Given △ABC∼△DEF, m∠A=52°, and m∠E=11°, what is the measure of angle C?(1 point)
By triangle similarity, we have that the ratios of corresponding sides of similar triangles are equal. Therefore, we can set up the following ratios:
AB/DE = BC/EF = AC/DF.
We are given that m∠A = 52°, and m∠E = 11°. By corresponding angles of similar triangles, this means that m∠B = 11°.
Since the sum of angles in a triangle is always 180°, we can find the measure of angle C by subtracting the measures of angles A and B from 180°:
m∠C = 180° - (m∠A + m∠B) = 180° - (52° + 11°) = 180° - 63° = 117°.
Therefore, the measure of angle C is 117°.
To find the measure of angle C, we can use the property of corresponding angles in similar triangles.
Since △ABC ∼ △DEF, corresponding angles have the same measures.
We know that m∠A = 52° and m∠E = 11°.
Therefore, m∠C corresponds to m∠F.
So, the measure of angle C is equal to the measure of angle F, which is 11°.
To find the measure of angle C in triangle ABC, we can use the fact that corresponding angles in similar triangles are congruent.

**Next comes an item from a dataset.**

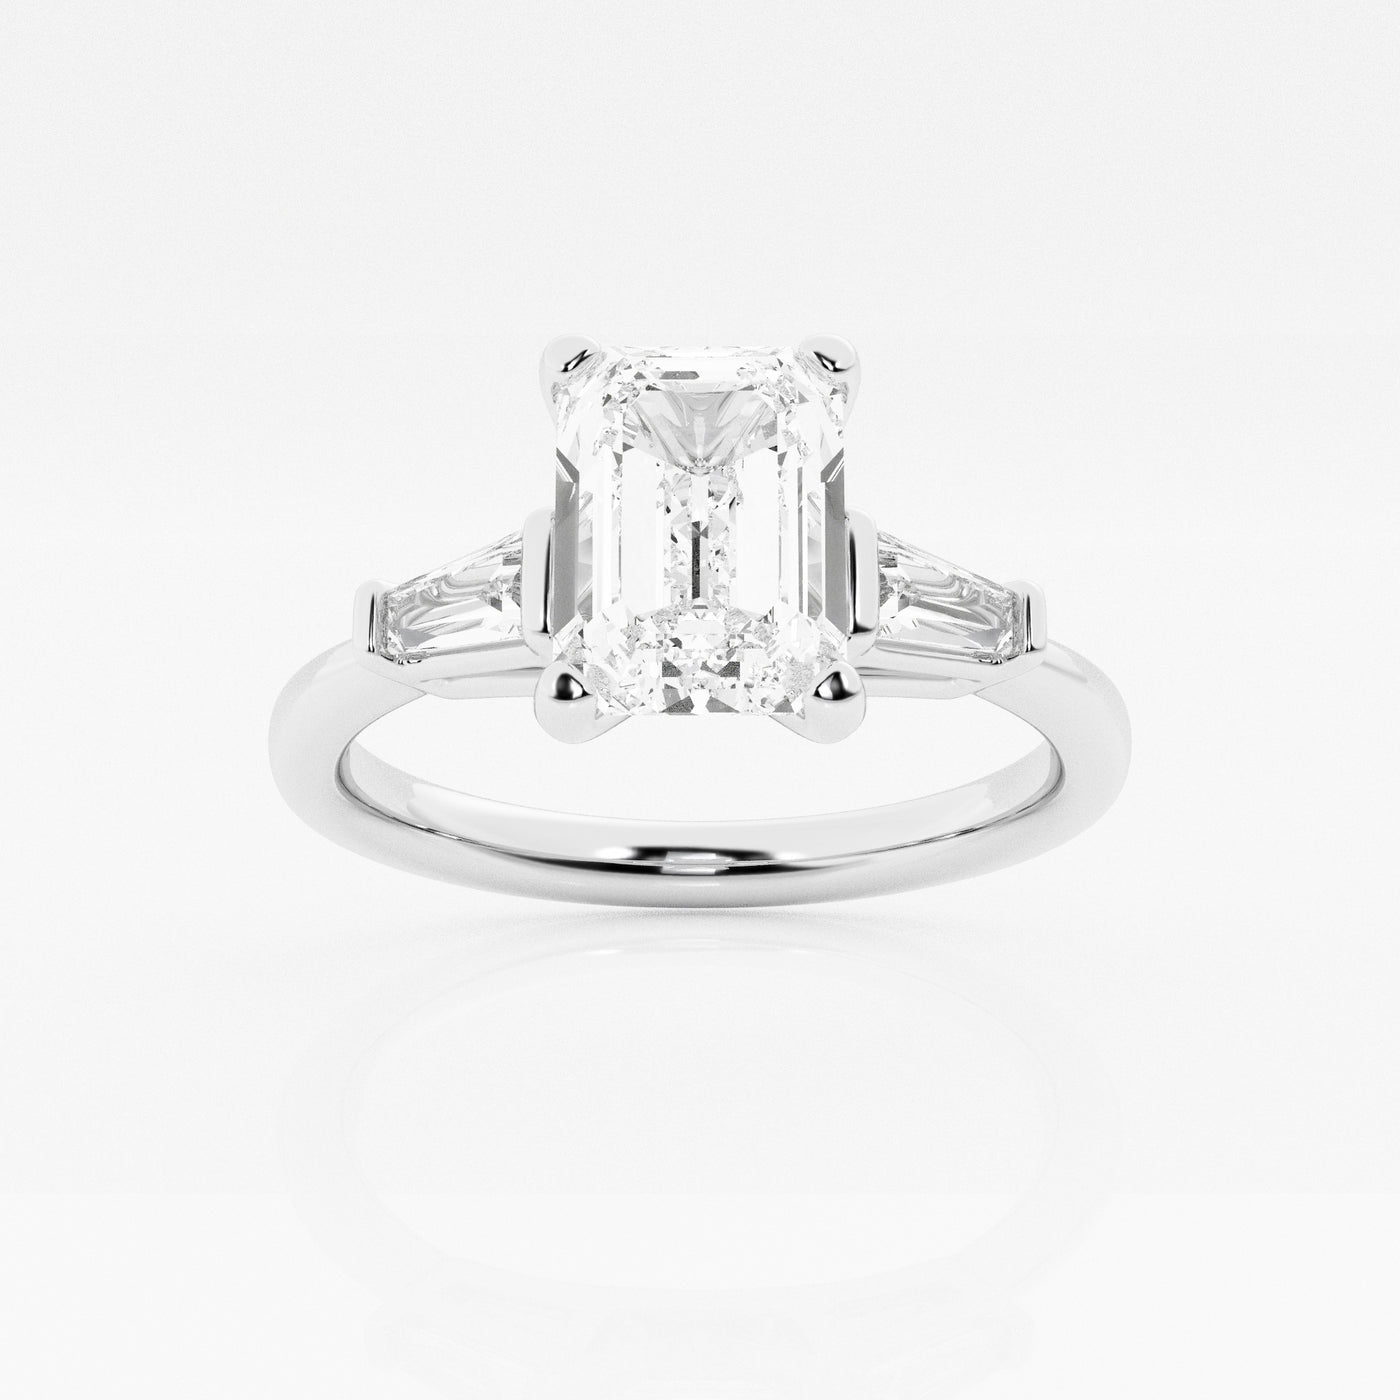 _main_image@SKU:LGR0617X3E200SOGW4~#carat_2.24#diamond-quality_fg,-vs2+#metal_18k-white-gold

Given that triangle ABC is similar to triangle DEF, we know that angle A corresponds to angle D, angle B corresponds to angle E, and angle C corresponds to angle F.
Since we are given that angle A measures 52° and angle E measures 11°, we can conclude that angle D also measures 52° (corresponding angles are congruent).

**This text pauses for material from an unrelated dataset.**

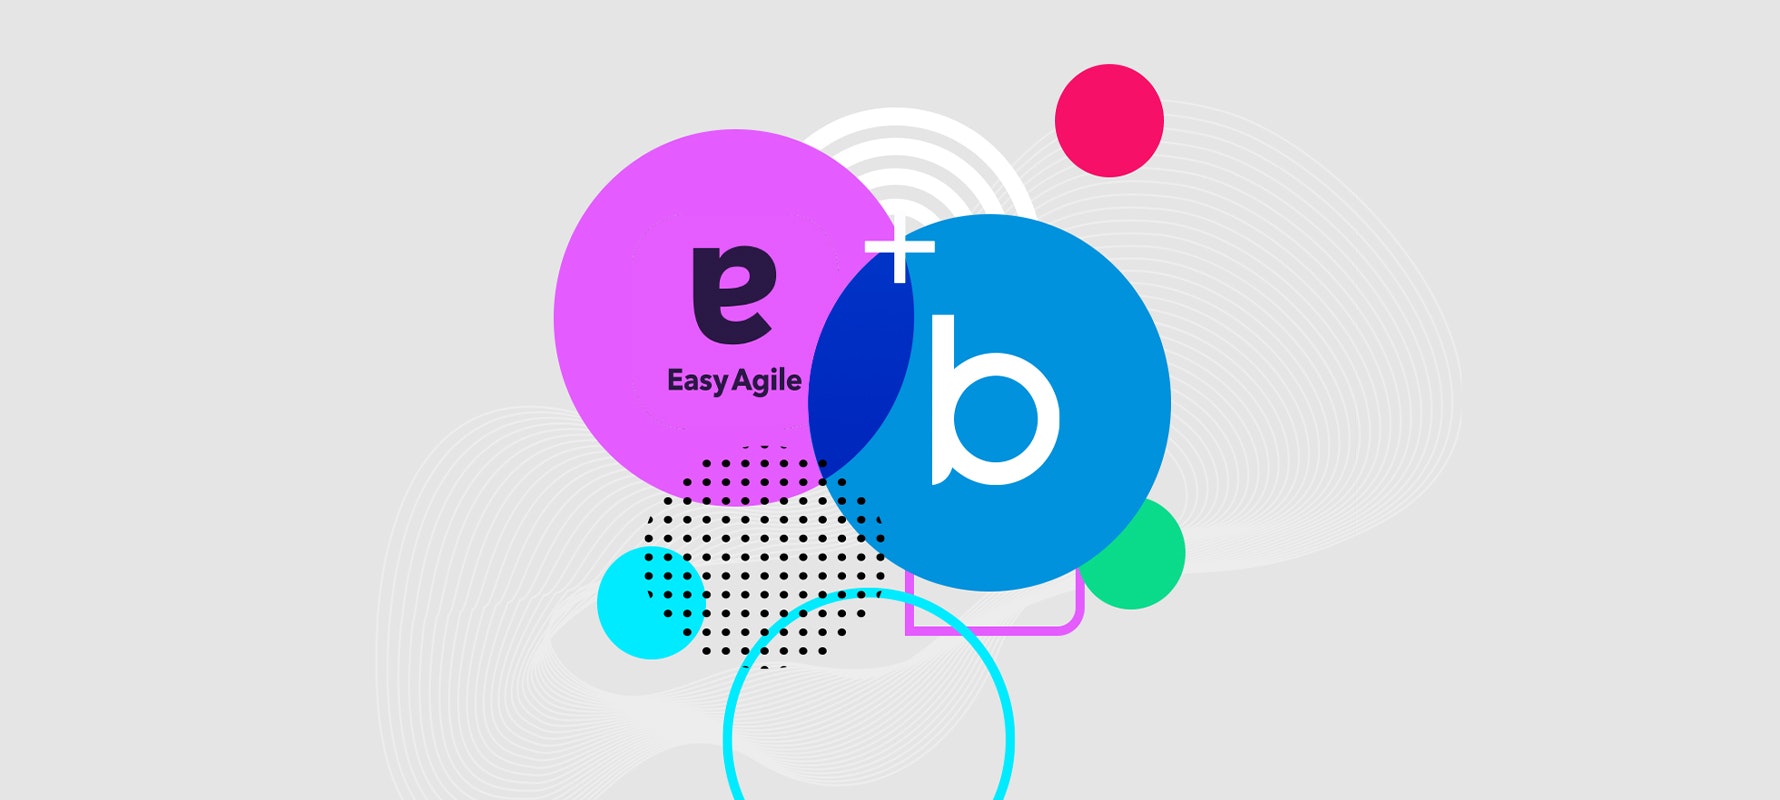 Logos von Easy Agile und brainbits überlappend, um die Zusammenarbeit auszudrücken.

To find the measure of angle C, we need to determine the measure of angle F. Since angles in a triangle add up to 180°, we can set up an equation:
angle C + angle D + angle F = 180°
Substituting the values we know:
angle C + 52° + 11° = 180°
Simplifying the equation:
angle C + 63° = 180°
To isolate angle C, we subtract 63° from both sides:
angle C = 180° - 63°
Solving:
angle C = 117°
Therefore, the measure of angle C is 117°.